2. The underlying theme of this conference indicates that we are not taking contemporary challenges confronting the continent with complacency. Against the recent coups and counter coups in some African countries, Africa today faces the crisis of democracy, a crisis that ought not to be as the long held consensus was that democracy is the best form of government ever invented by man.
3. Until the wave of military interventions in politics in many countries in Africa, which started in the 1960s, we embraced democracy as the post-colonial form of government. The constriction of the civic space, the emasculation of civil liberties by military authorities in many countries, most especially in West and Central Africa bred agitation by pro-democracy forces and civil society activists to demand for return of democratic leadership in the 90s.
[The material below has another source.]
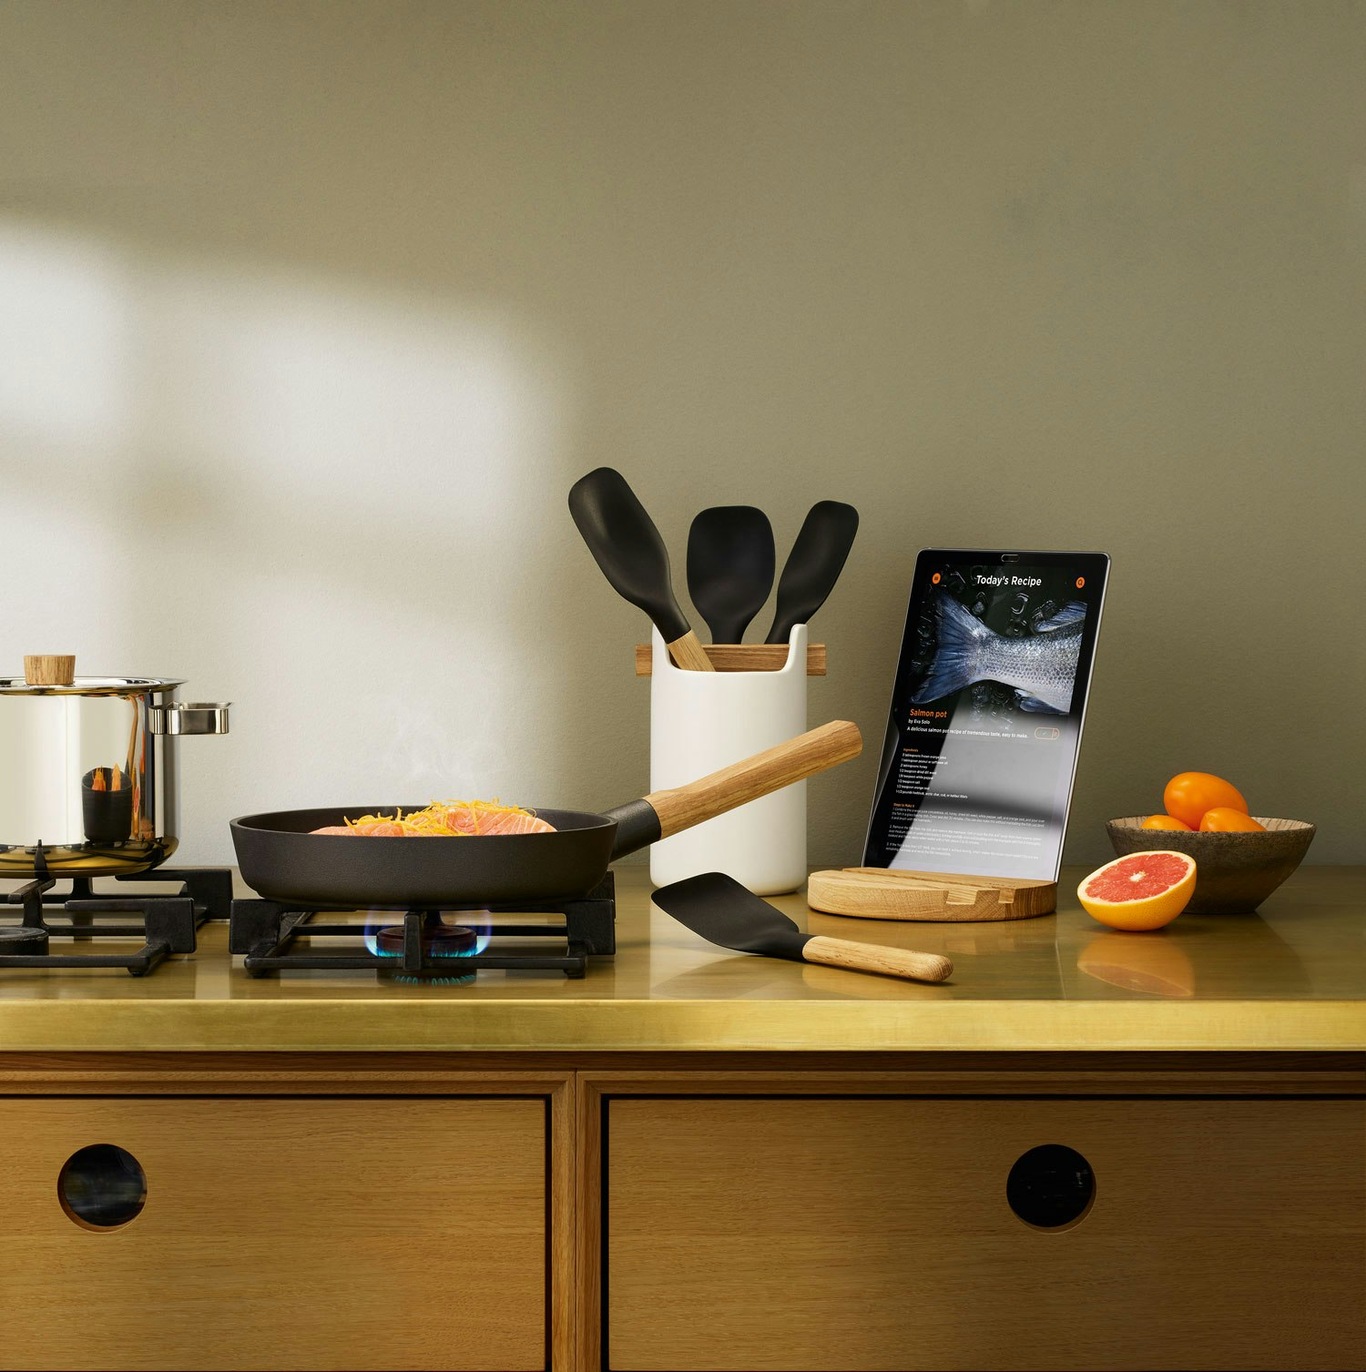 https://royaldesign.com/image/2/eva-solo-nordic-kitchen-stirrer-2?w=800&quality=80
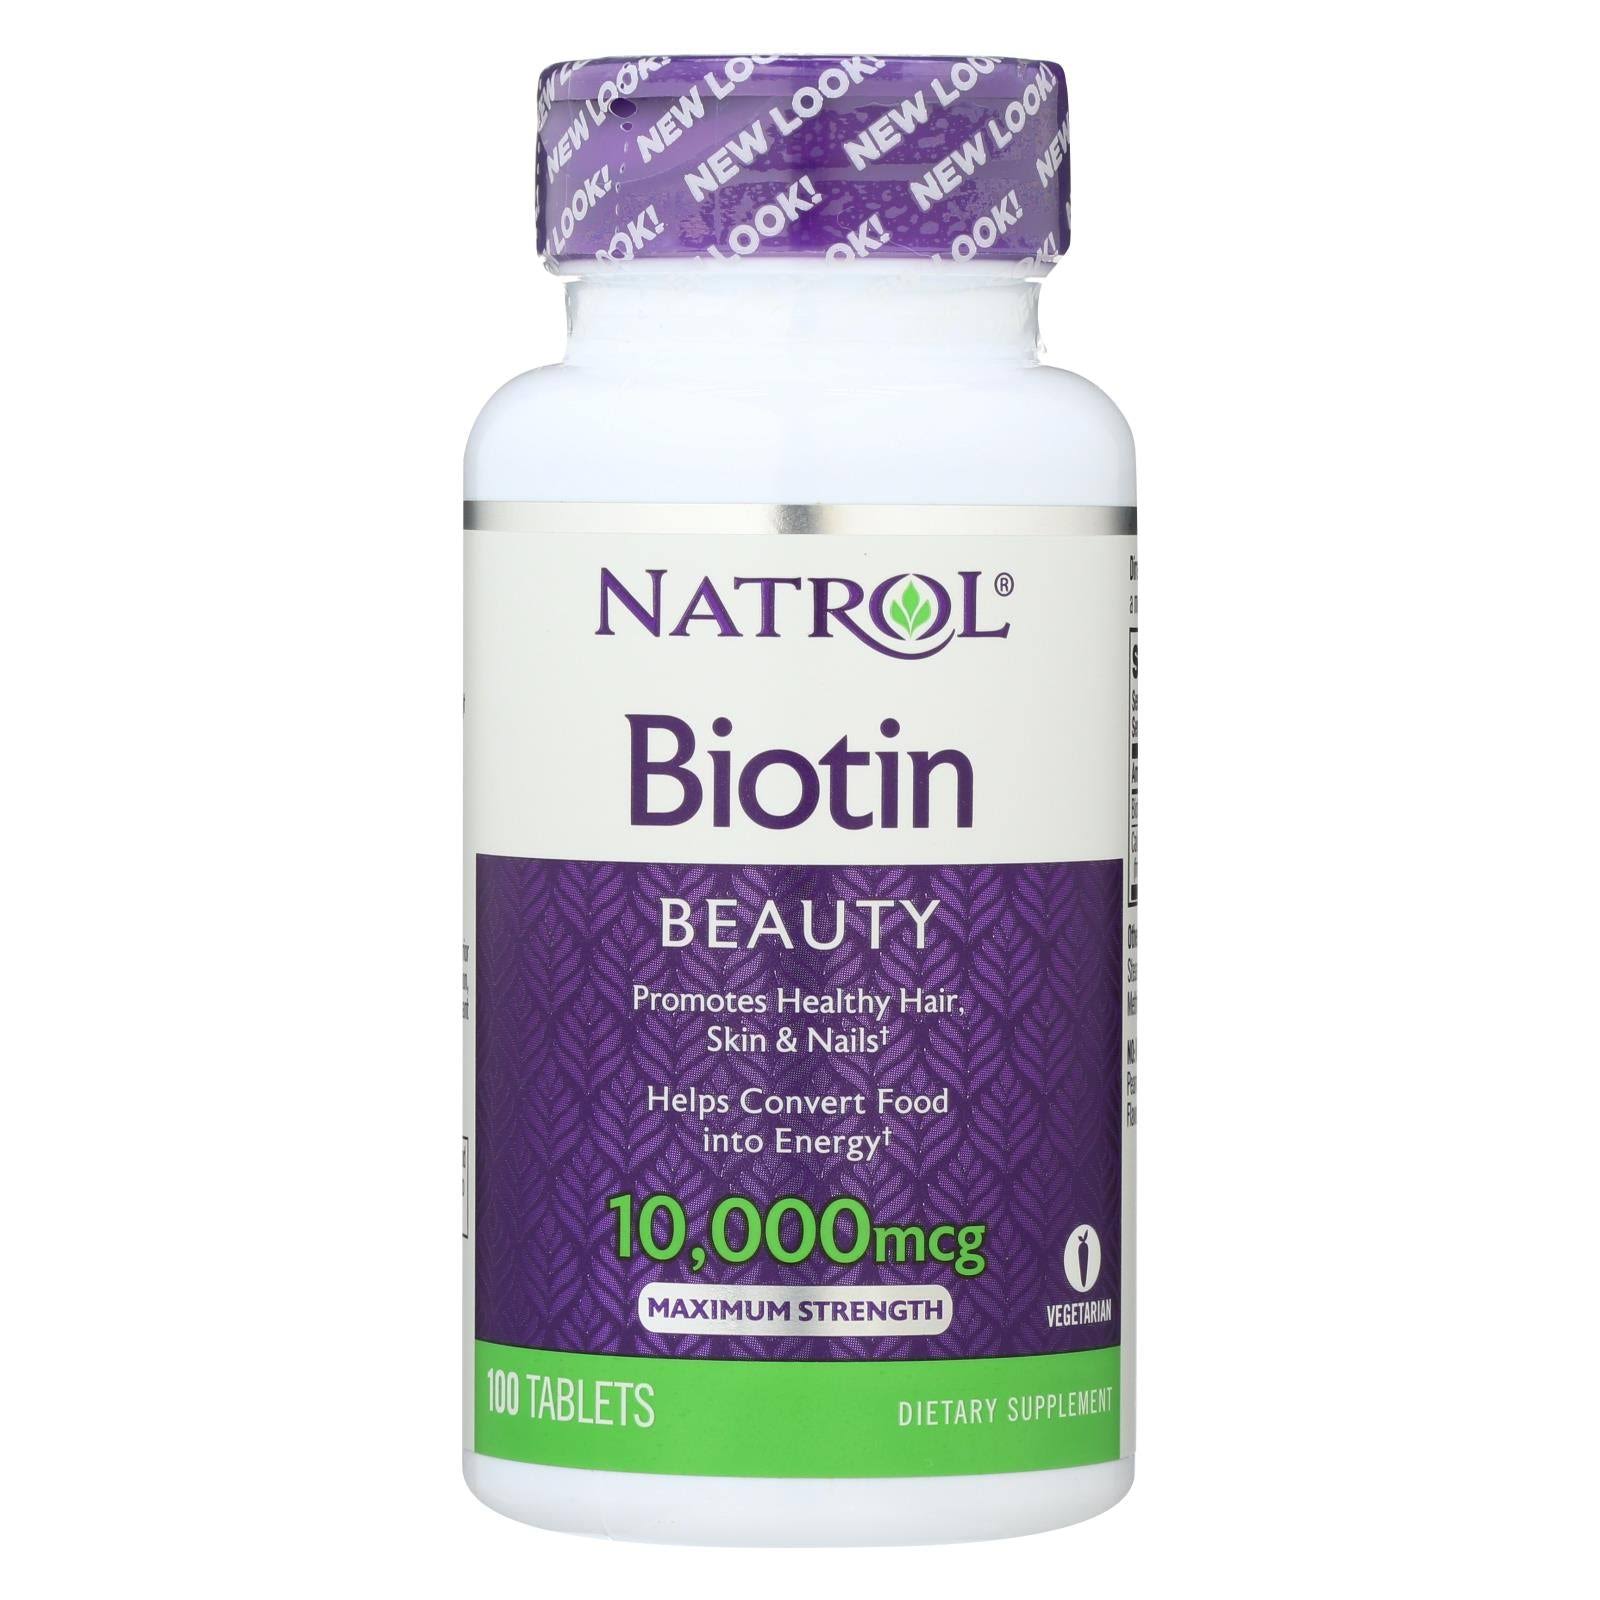 NATROL - Biotin 10000 mcg Maximum Strength - 100 Tablets

4. Here in Nigeria, the military first aborted the transition to democracy in 1993, The transition started with the election of members of parliament at the state and federal levels and the election of governors. But in July 1993, a free and fair presidential election held on 12 June of the same year was annulled, and the winner was incarcerated. Elected people were all sacked by the military. This triggered a pro-democracy struggle, during which many activists and I escaped into exile.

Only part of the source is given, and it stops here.